- **TASK ITEM**
Write out the entire listing below exactly as it appears, minus any pictures.

- **RAW DATA**
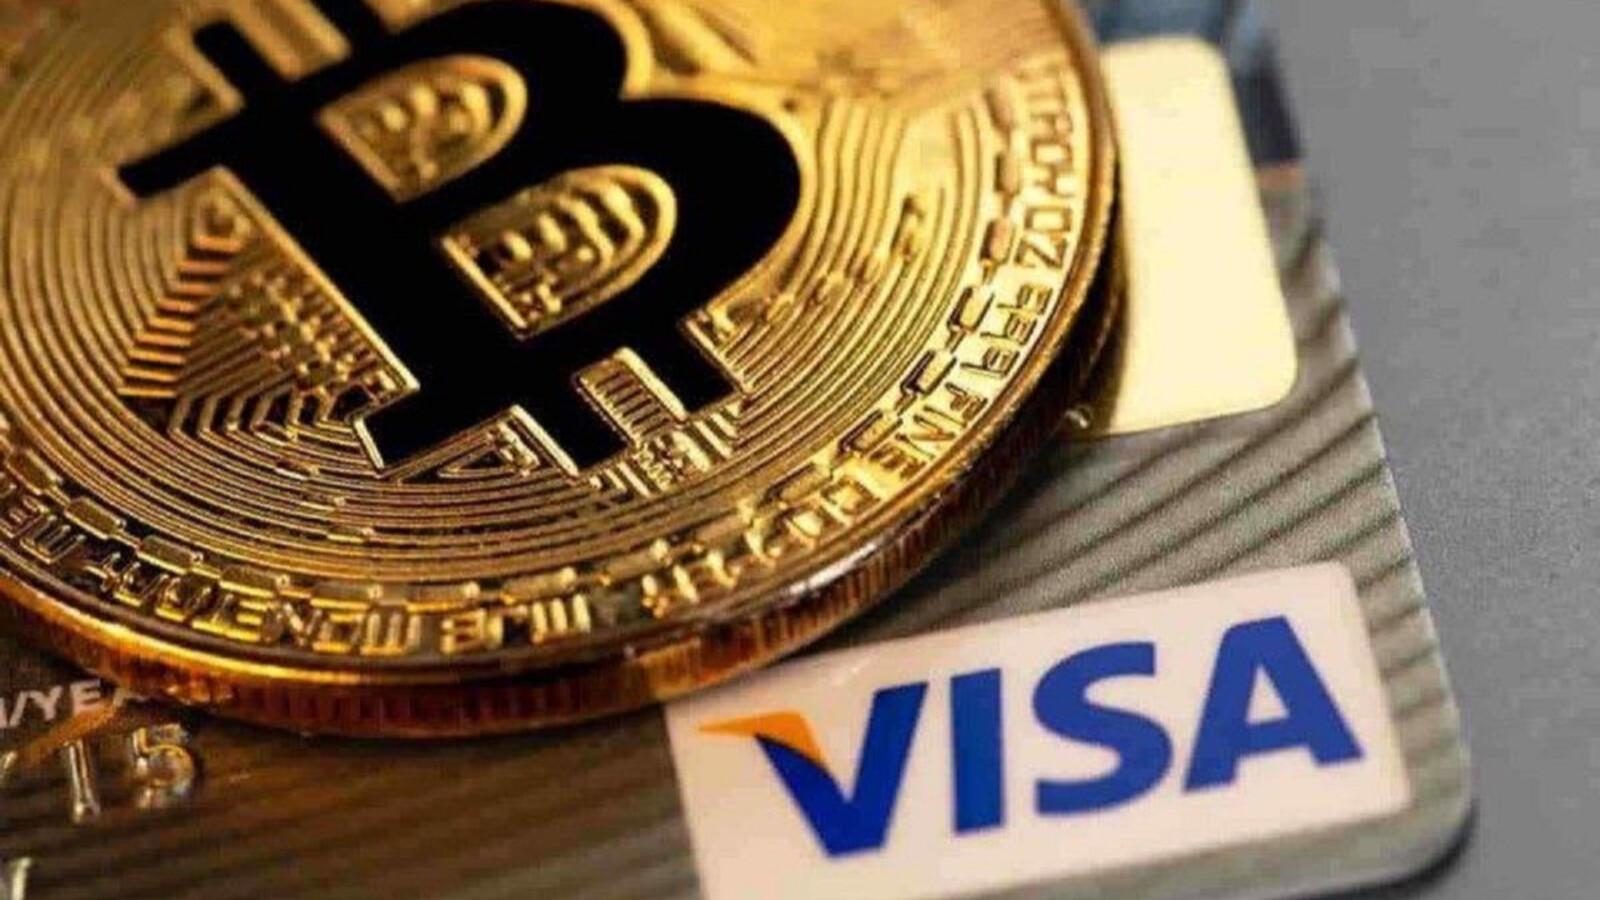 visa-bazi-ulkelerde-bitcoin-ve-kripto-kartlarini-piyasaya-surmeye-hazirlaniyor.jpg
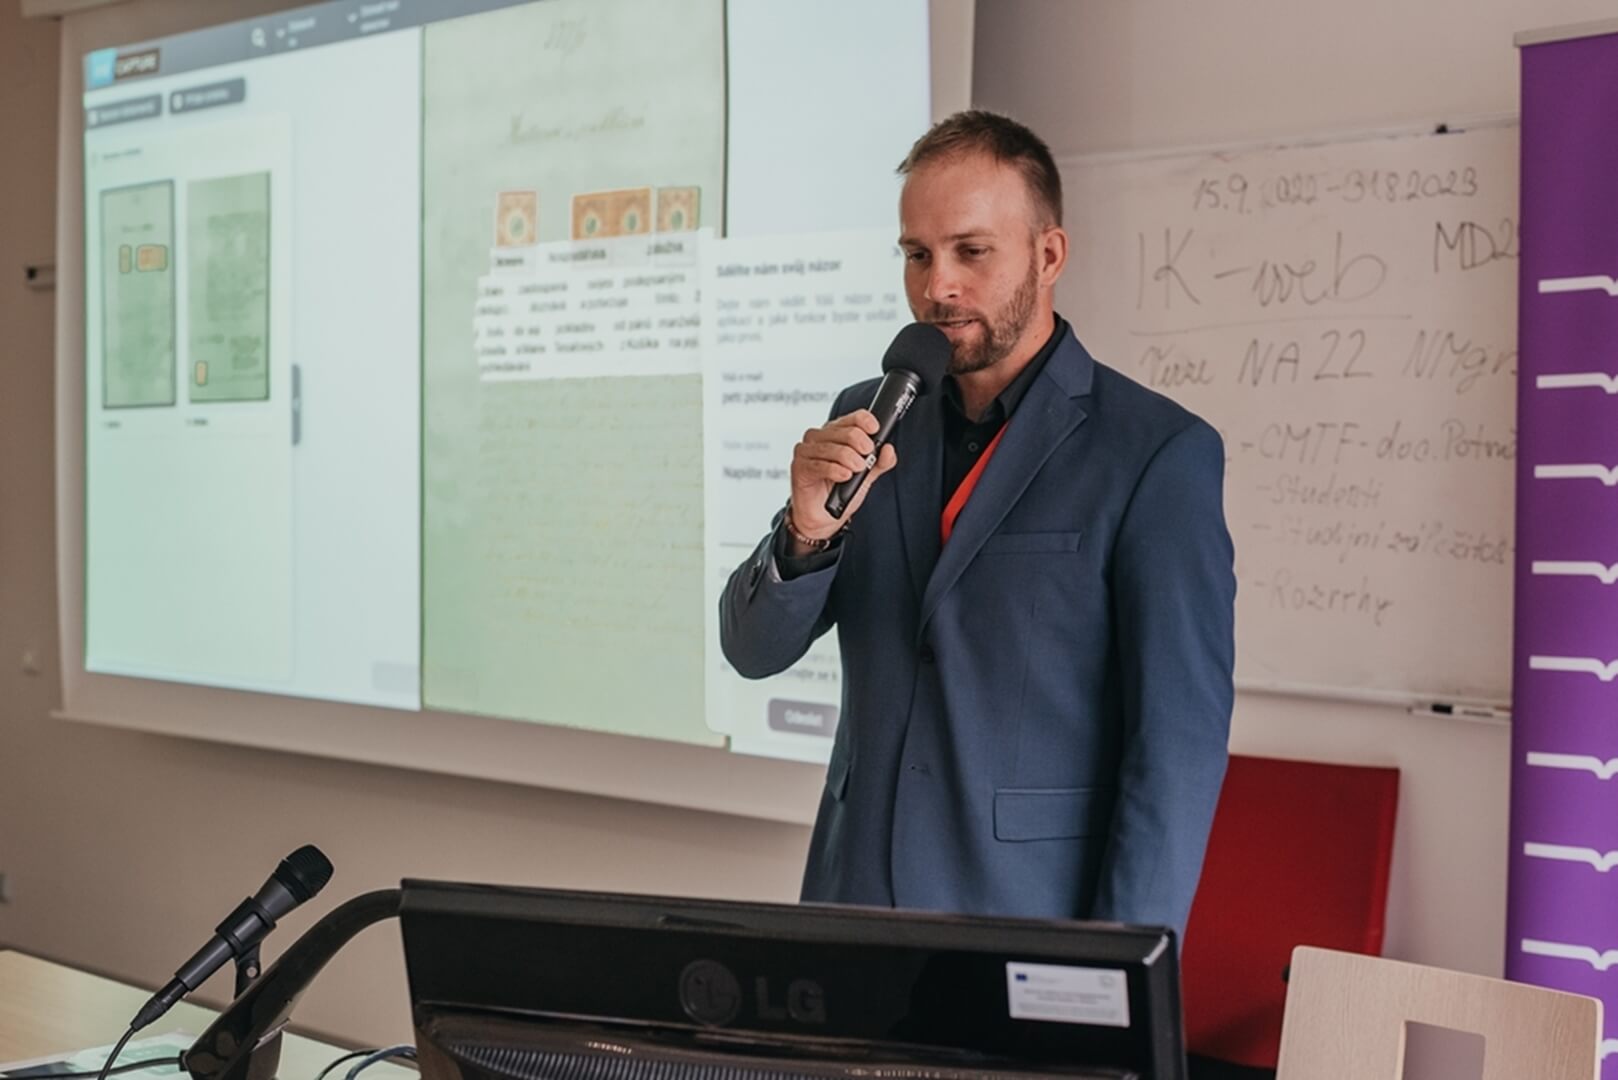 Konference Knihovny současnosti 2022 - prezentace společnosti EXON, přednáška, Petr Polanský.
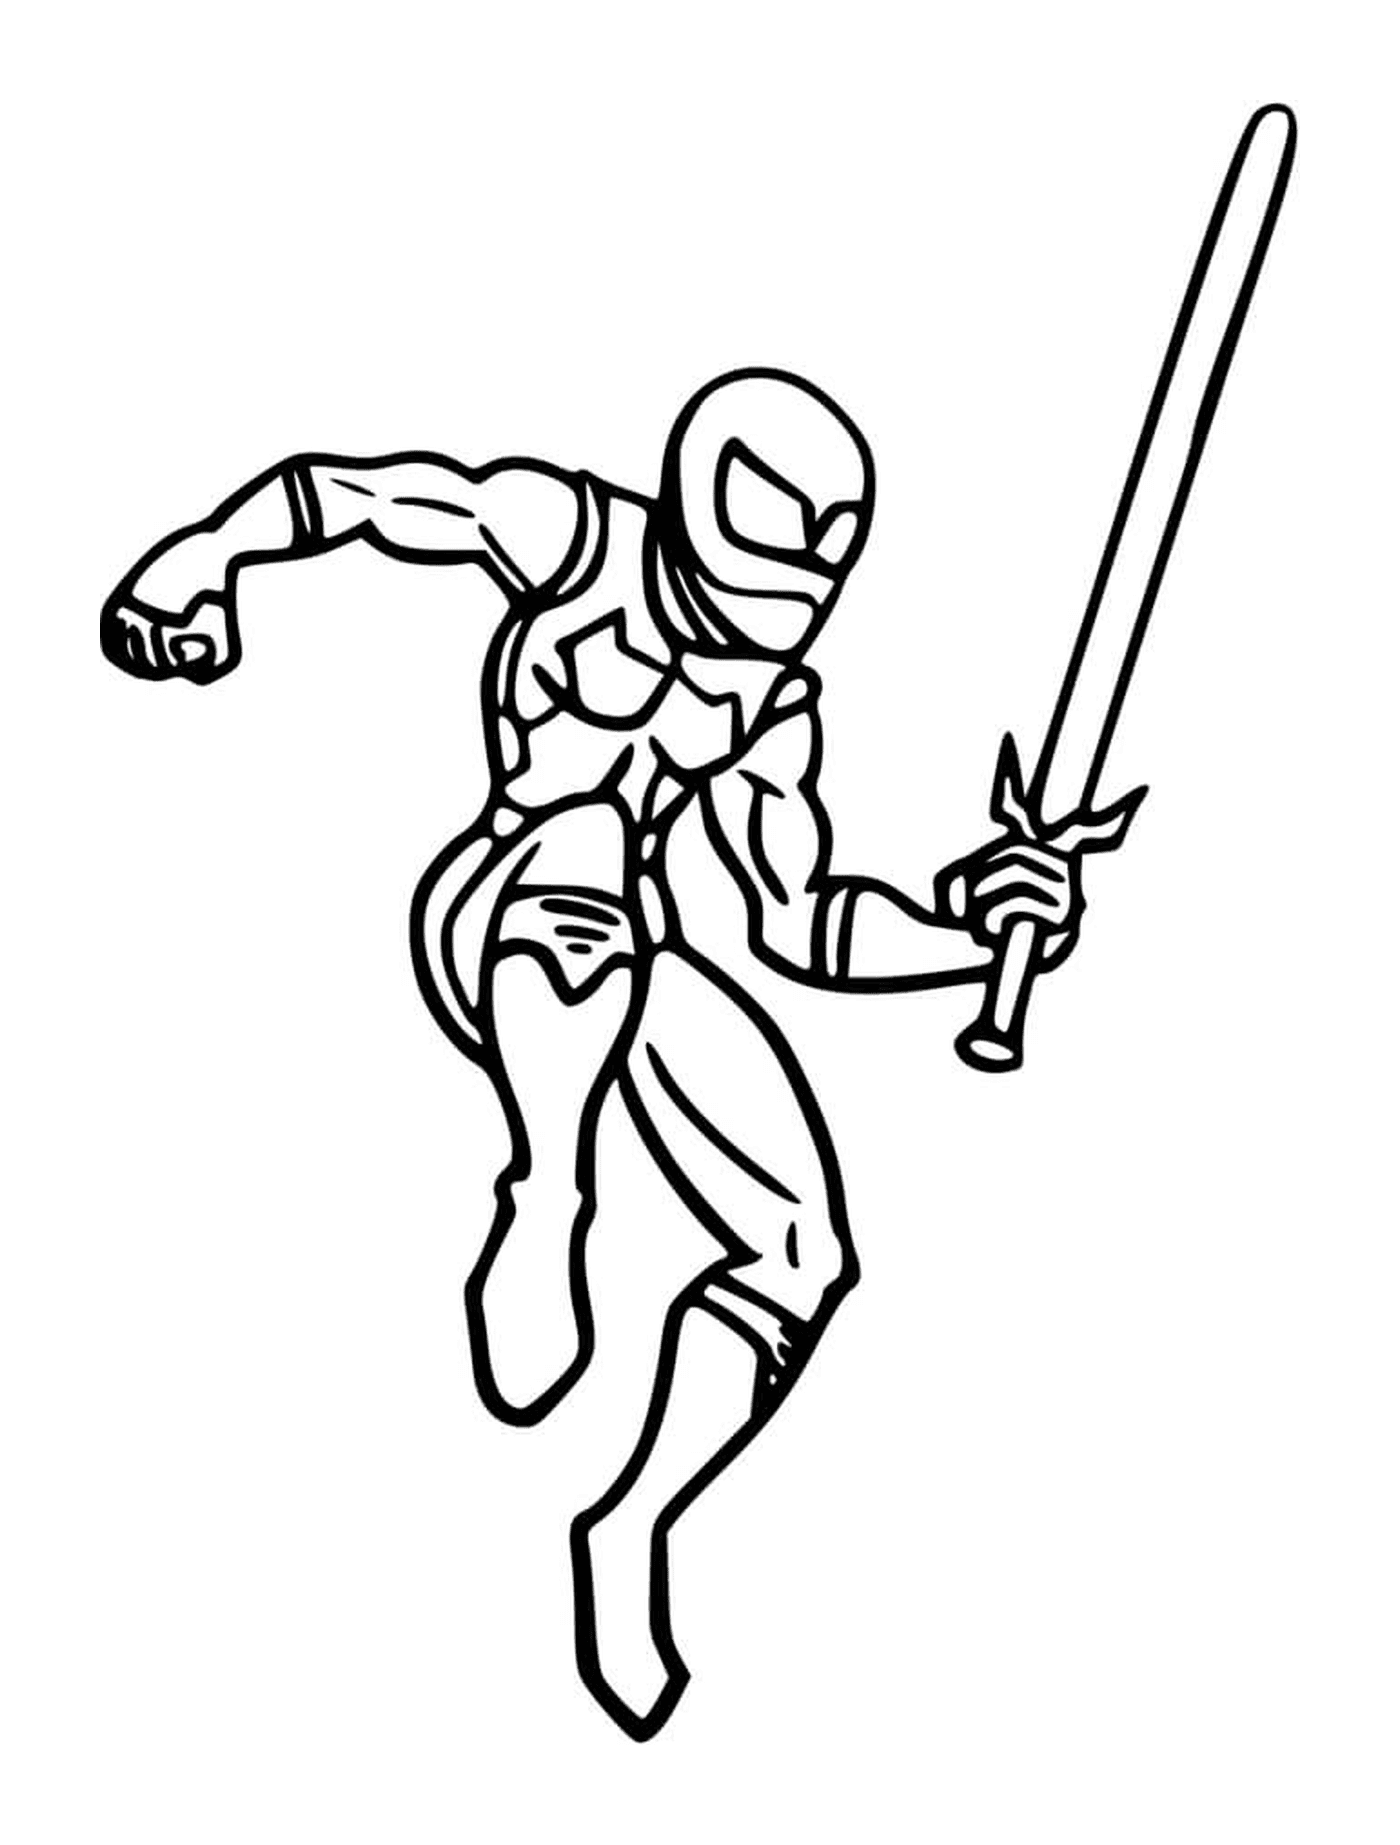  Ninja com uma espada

- **PROBLEM SOLUTION**
 visa-bazi-ulkelerde-bitcoin-ve-kripto-kartlarini-piyasaya-surmeye-hazirlaniyor.jpg
 Konference Knihovny současnosti 2022 - prezentace společnosti EXON, přednáška, Petr Polanský.
  Ninja com uma espada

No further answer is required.